An integrated water-electricity market design for multi reservoir, mixed operation.
Thesis DisciplineManagement Science
Degree GrantorUniversity of Canterbury
Degree NameDoctor of Philosophy
Water markets are often regarded as the most promising method of managing this increasingly important natural resource, but the literature on water market concepts is only emerging. Most of the focus is on physical trading arrangements, but financial property rights appear both conceptually and practically appealing, as a way to develop commercial and organizational arrangements to improve liquidity and ultimately increase efficient resource use. This thesis focuses on market arrangements to manage hydrology dependent surface water supplies, where consumptive and/or non-consumptive use occurs in a network with storage. Binding resource constraints create temporal and locational price differences. Moreover, the uncertainty about price differentials creates barriers to trade. Participant bids, reflecting their marginal use values, are assumed to be cleared by a benefit-maximising optimisation, such as Stochastic Linear Programming. This also creates price differences between locations, and time periods, and causes the market to accumulate a “settlement surplus” of rents associated with resource constraints. This thesis draws on the Financial Transmission Right (FTR) concepts developed for electricity markets to outline a general structure of financial hedging instruments that could be used to deploy this settlement surplus to hedge against price risks, across space and time. We also consider a swing option based approach, which bundles the above rights to create a virtual “slice of system” model that could be practically and conceptually appealing to both aggregated and disaggregated hydro reservoir systems. While only preliminary, our discussion of these options suggests that developments along these lines may be important in creating a water market environment that is acceptable to potential consumptive and non-consumptive participants.

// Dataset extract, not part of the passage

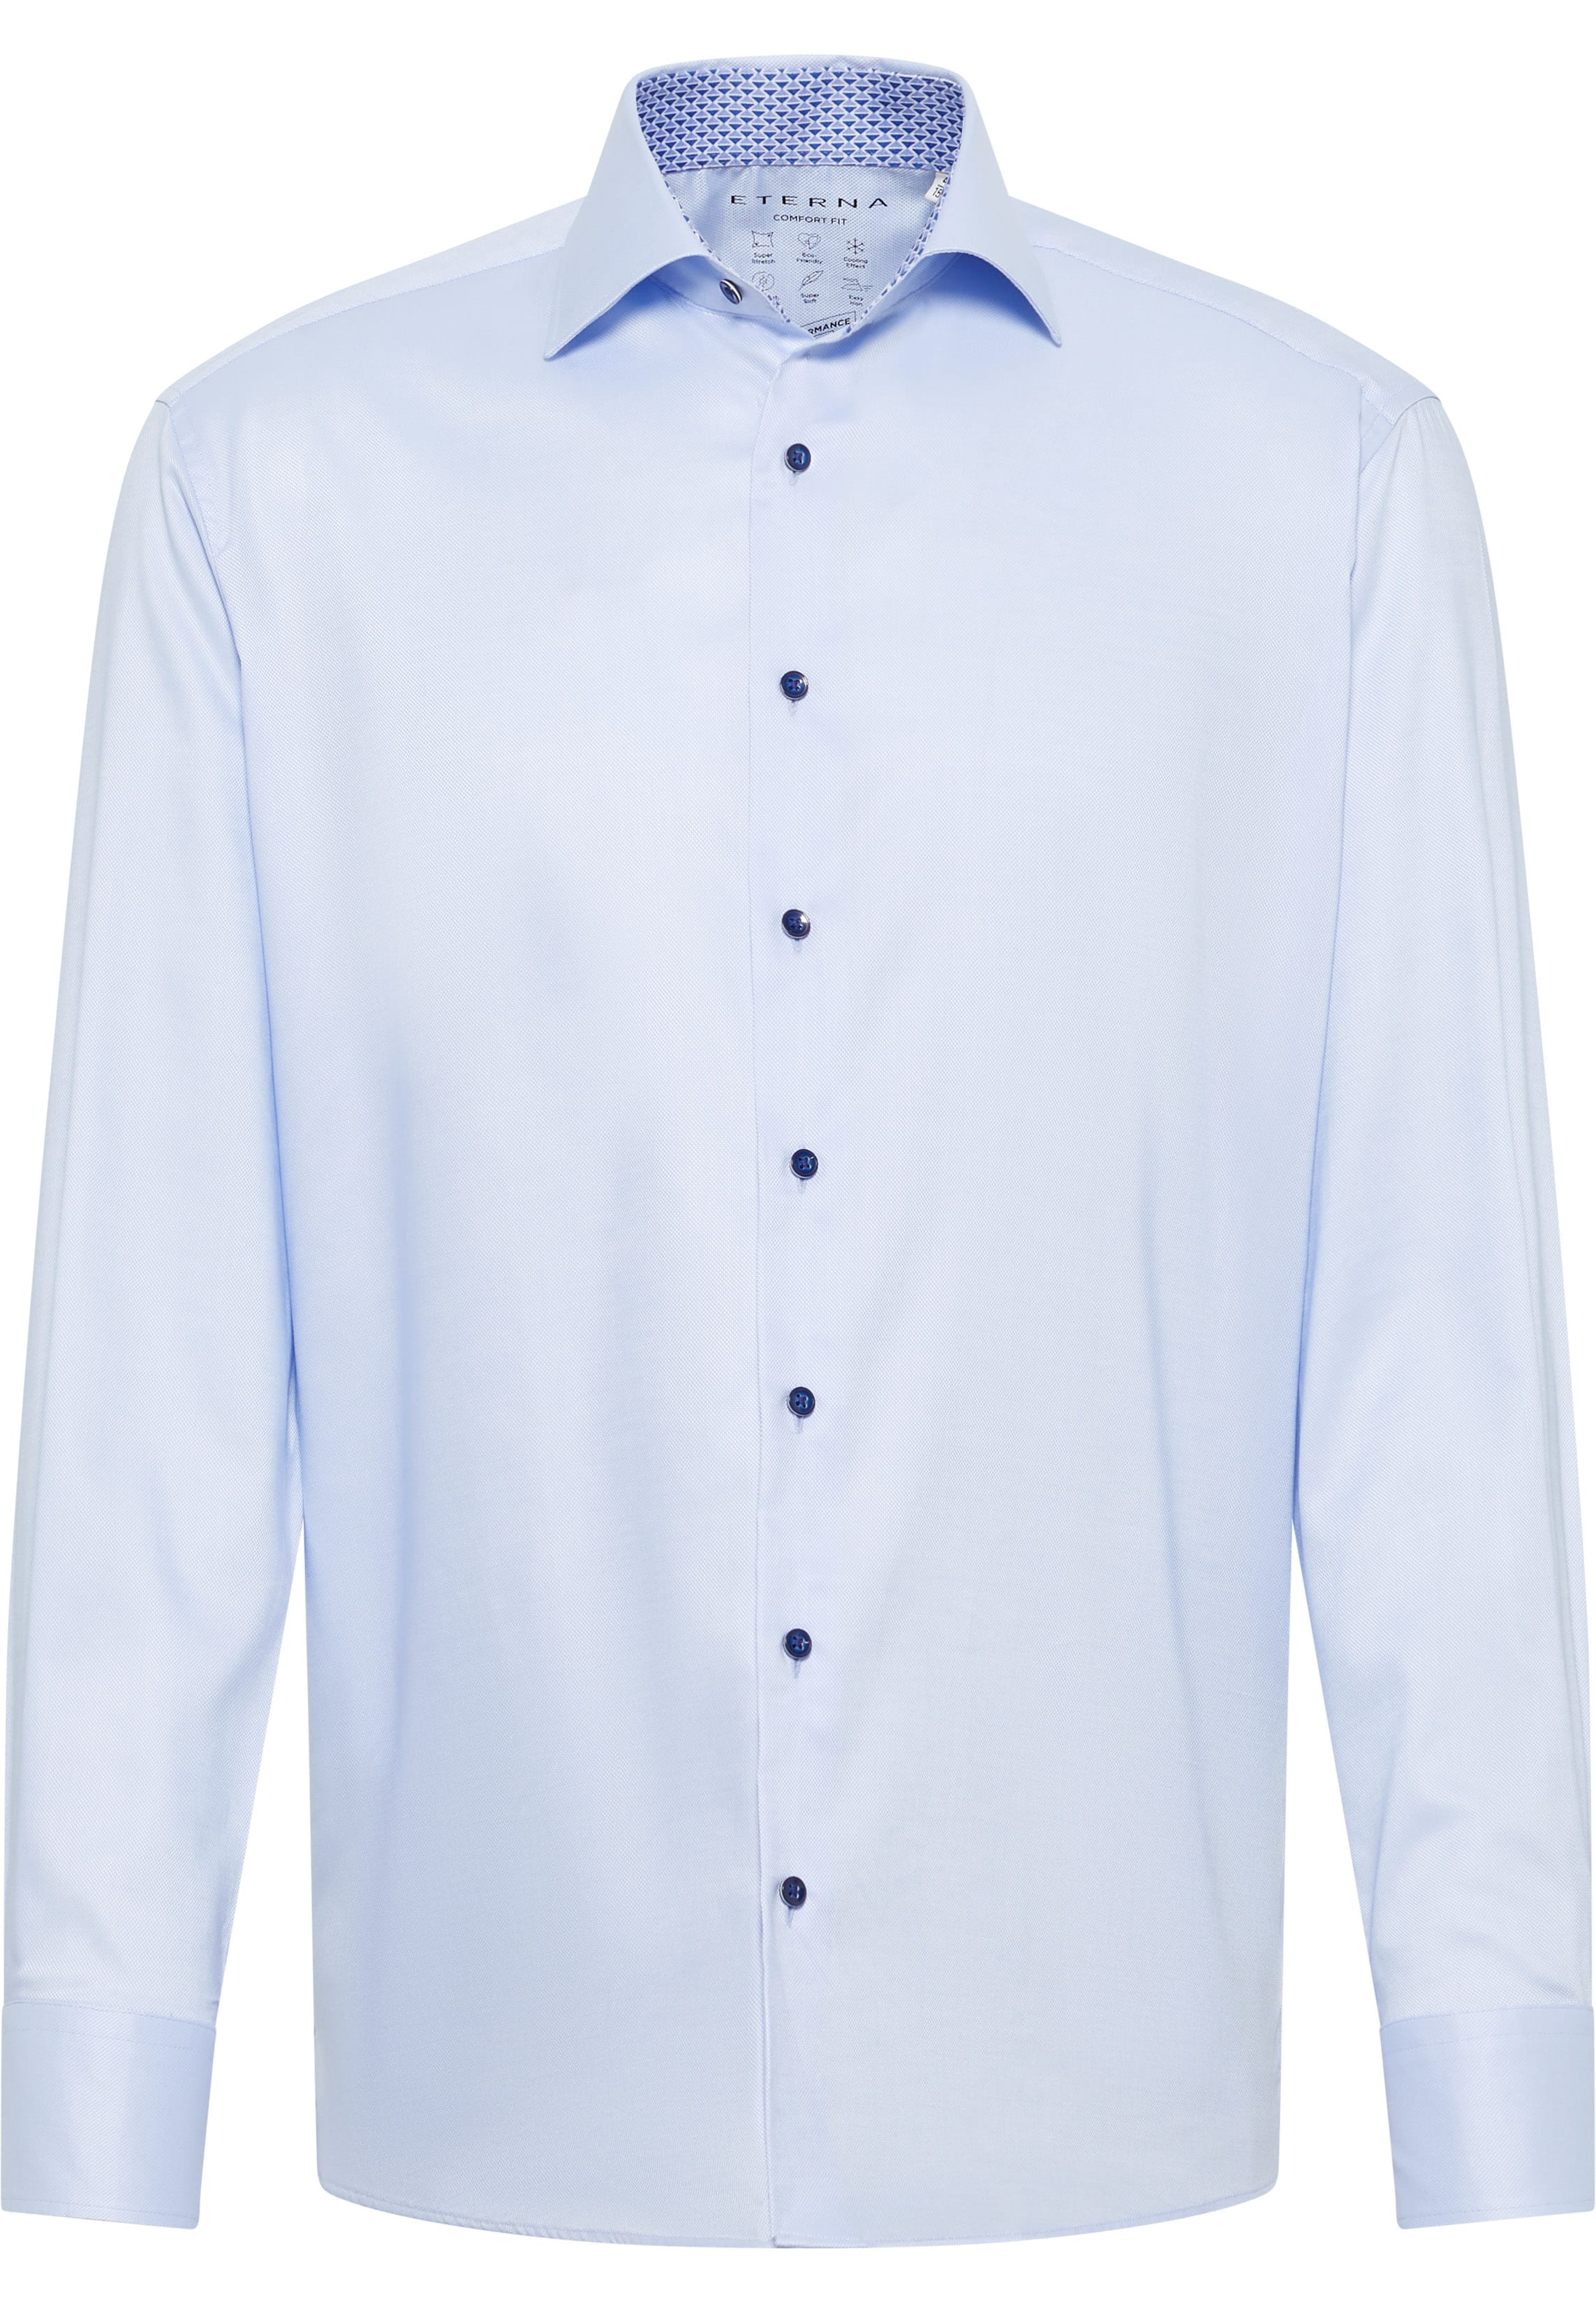 COMFORT FIT Performance Shirt in light blue structured

The remainder of this thesis is about the problem of intra-period consumptive and non-consumptive water allocation in a mixed-use catchment. We develop a deterministic nodal Constructive Dual Dynamic Programming (CDDP) procedure which implicitly clears a market determining both consumptive and non-consumptive water allocations, across all nodes in a catchment with a single reservoir. Consumptive users extract water from the system, so each unit of water flow can only be used for a single consumptive use. A non-consumptive user transfers water from one node to another, extracting some benefit, or incurring some cost. Arc flow bounds may limit the opportunities for using water at the nodes. Costs can be associated with arc flow bounds and distributary demands to represent in-stream and environmental reserve flows enforced using penalty costs. The algorithm constructs the intra-period demand curve for release by sequentially forming marginal water value curves at each node, passing these curves towards the reservoir.
This approach can generate net demand curves representing all possible market-clearing solutions at nodal and user levels. It can also be used to construct net demand curves for water release from the reservoir, in each period, which could then be used in a stochastic inter-temporal CDDP model to construct marginal water value curves stored in the reservoir over an appropriate time horizon. Several variants on this approach are explored.
We discuss extending the procedure to assess the marginal value of water stored in two inter-connected reservoirs in a mixed-use catchment. A “lower level” intra-period CDDP is applied to construct a two dimensional “demand surface” for transfer, representing the marginal benefit from net release into either end of the inter-reservoir chain between the two reservoirs. Then a higher level inter-period CDDP demand-curve-adding method could be deployed to strike the optimal trade-off between the current release demands for the inter-reservoir chain and other sub-trees leading from the two reservoirs and the future storage demands.